We now use the adjusted datasets and create validated PLS-R models and perform target projection. By means of the target projection, we can retrieve selectivity fractions (SF) that help us identify variables that explain the chosen response the most (here HOMA-IR).

# a) Unadjusted data
figure_4_a_dataset <- dataset_standardized[c('HOMA_IR', adiposity_values, PA_values)]

figure_4_a_result <- mvpa::perform_mc_pls_tp(data = figure_4_a_dataset,
                                                    response = 'HOMA_IR',
                                                    mc_resampling = TRUE,
                                                    nr_components = 8,
                                                    nr_repetitions = 1000,
                                                    cal_ratio = 0.5,
                                                    validation_threshold = 0.5,
                                                    standardize = FALSE)
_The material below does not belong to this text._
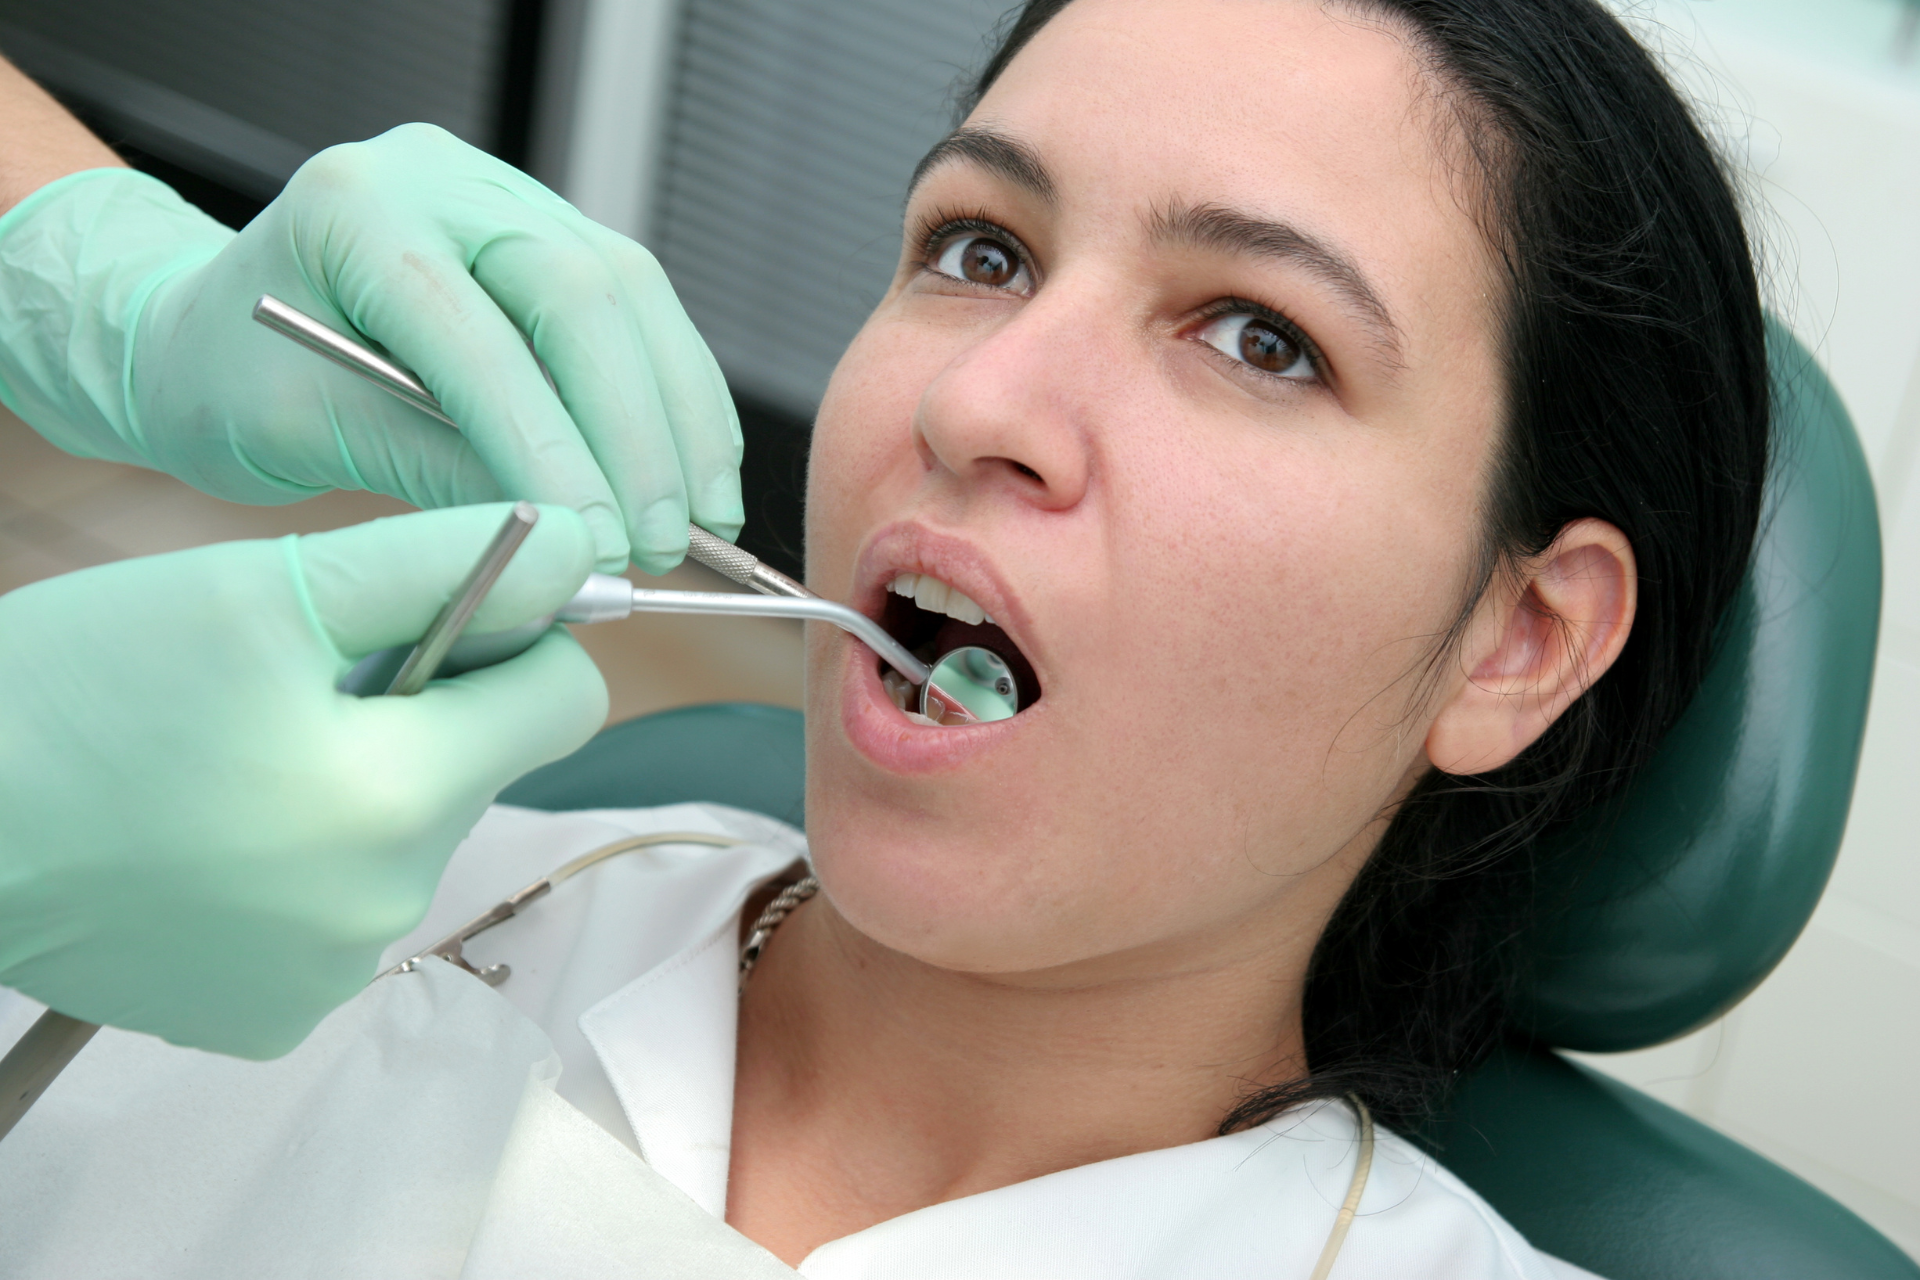 Dr. Escudero's 10 Top Tips to Cope with Dental Anxiety and Fear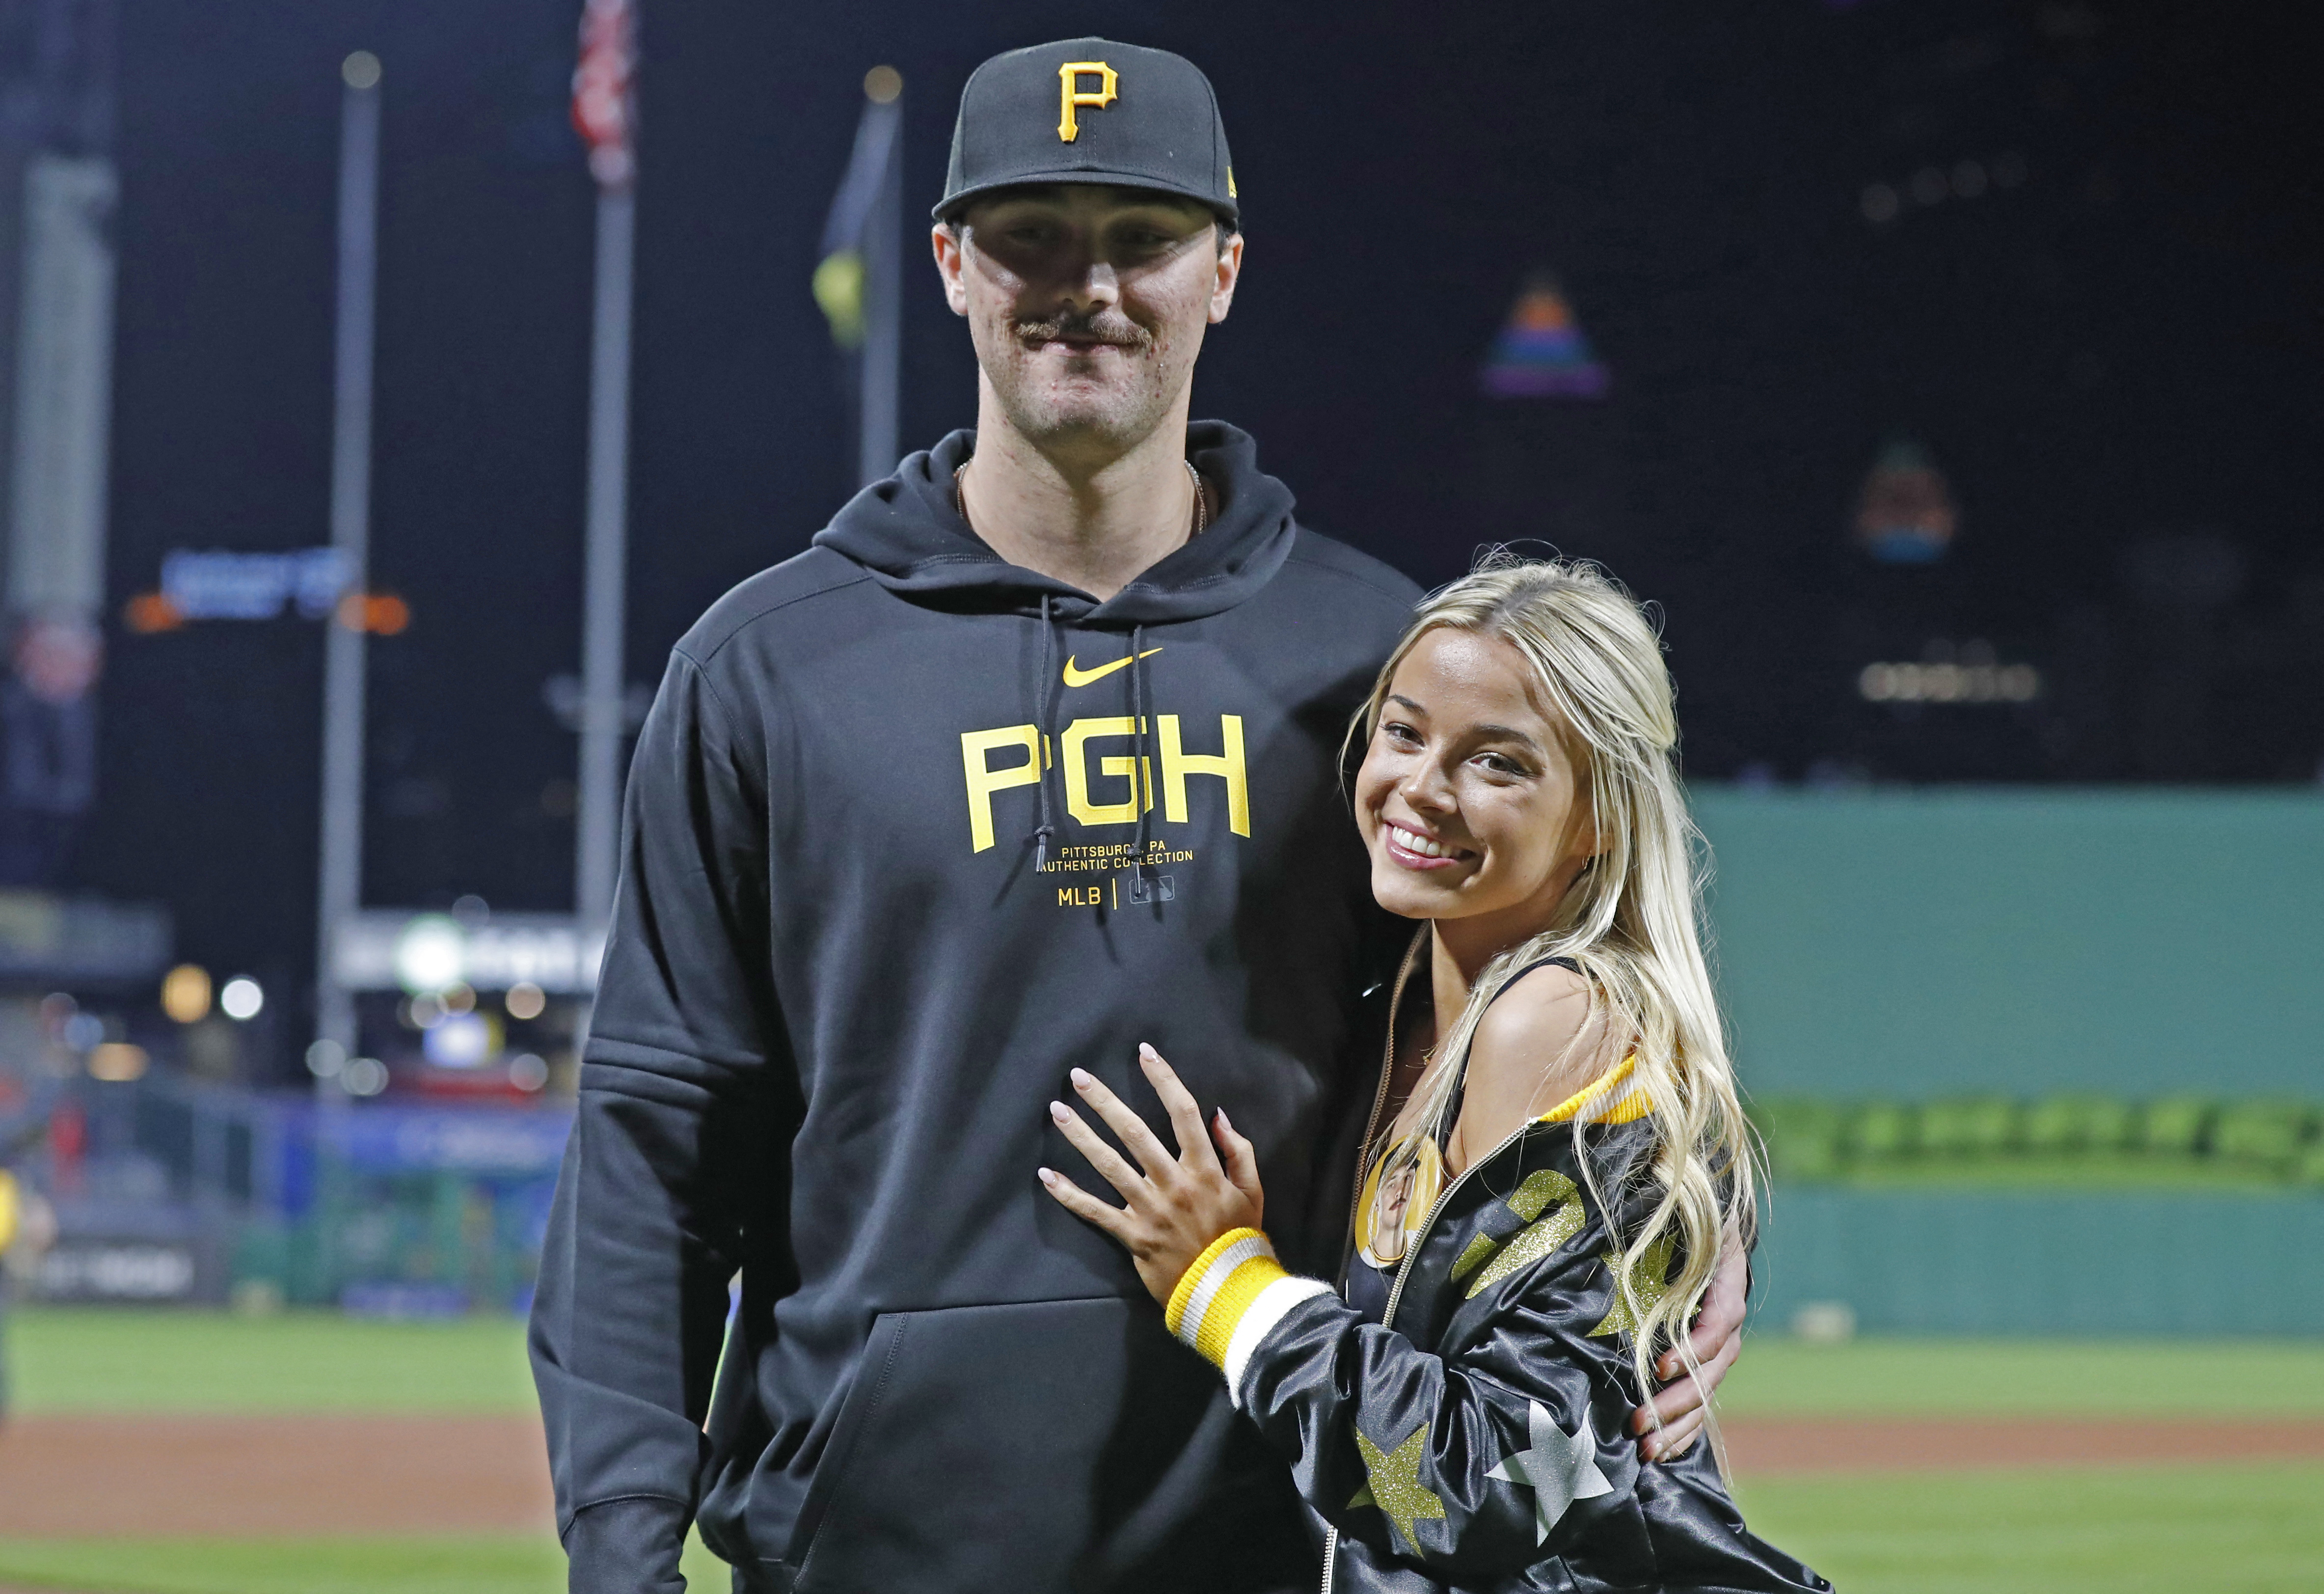 The social media influencer Dunne has been in a relationship with MLB rookie star Paul Skenes

# Selectivity fraction (SF) plot
figure_4_a <- mvpa::plot_tp_value_mc(result_list = figure_4_a_result,
                                     tp_value_to_plot = 'selectivity_fraction',
                                     component = figure_4_a_result$A_optimal,
                                     confidence_limits = c(0.025, 0.975))

Figure 4 b)

# b) Adjusted data (adjusted for age and sex)
figure_4_b_dataset <- age_sex_adjustment$residual_variance_df[c('HOMA_IR', adiposity_values, PA_values)]

# PLS-R
# Response: HOMA_IR
# Explanatory variables: Adiposity values and PA values after adjustment for age, sex
# Optimal number of components: 7
set.seed(55)
figure_4_b_result <- mvpa::perform_mc_pls_tp(data = figure_4_b_dataset,
                                             response = 'HOMA_IR',
                                             mc_resampling = TRUE,
                                             nr_components = 8,
                                             nr_repetitions = 1000,
                                             cal_ratio = 0.5,
                                             validation_threshold = 0.5,
                                             standardize = FALSE)

# Selectivity fraction (SF) plot
figure_4_b <- mvpa::plot_tp_value_mc(result_list = figure_4_b_result,
                                     tp_value_to_plot = 'selectivity_fraction',
                                     component = figure_4_b_result$A_optimal,
                                     confidence_limits = c(0.025, 0.975))

Figure 4 c)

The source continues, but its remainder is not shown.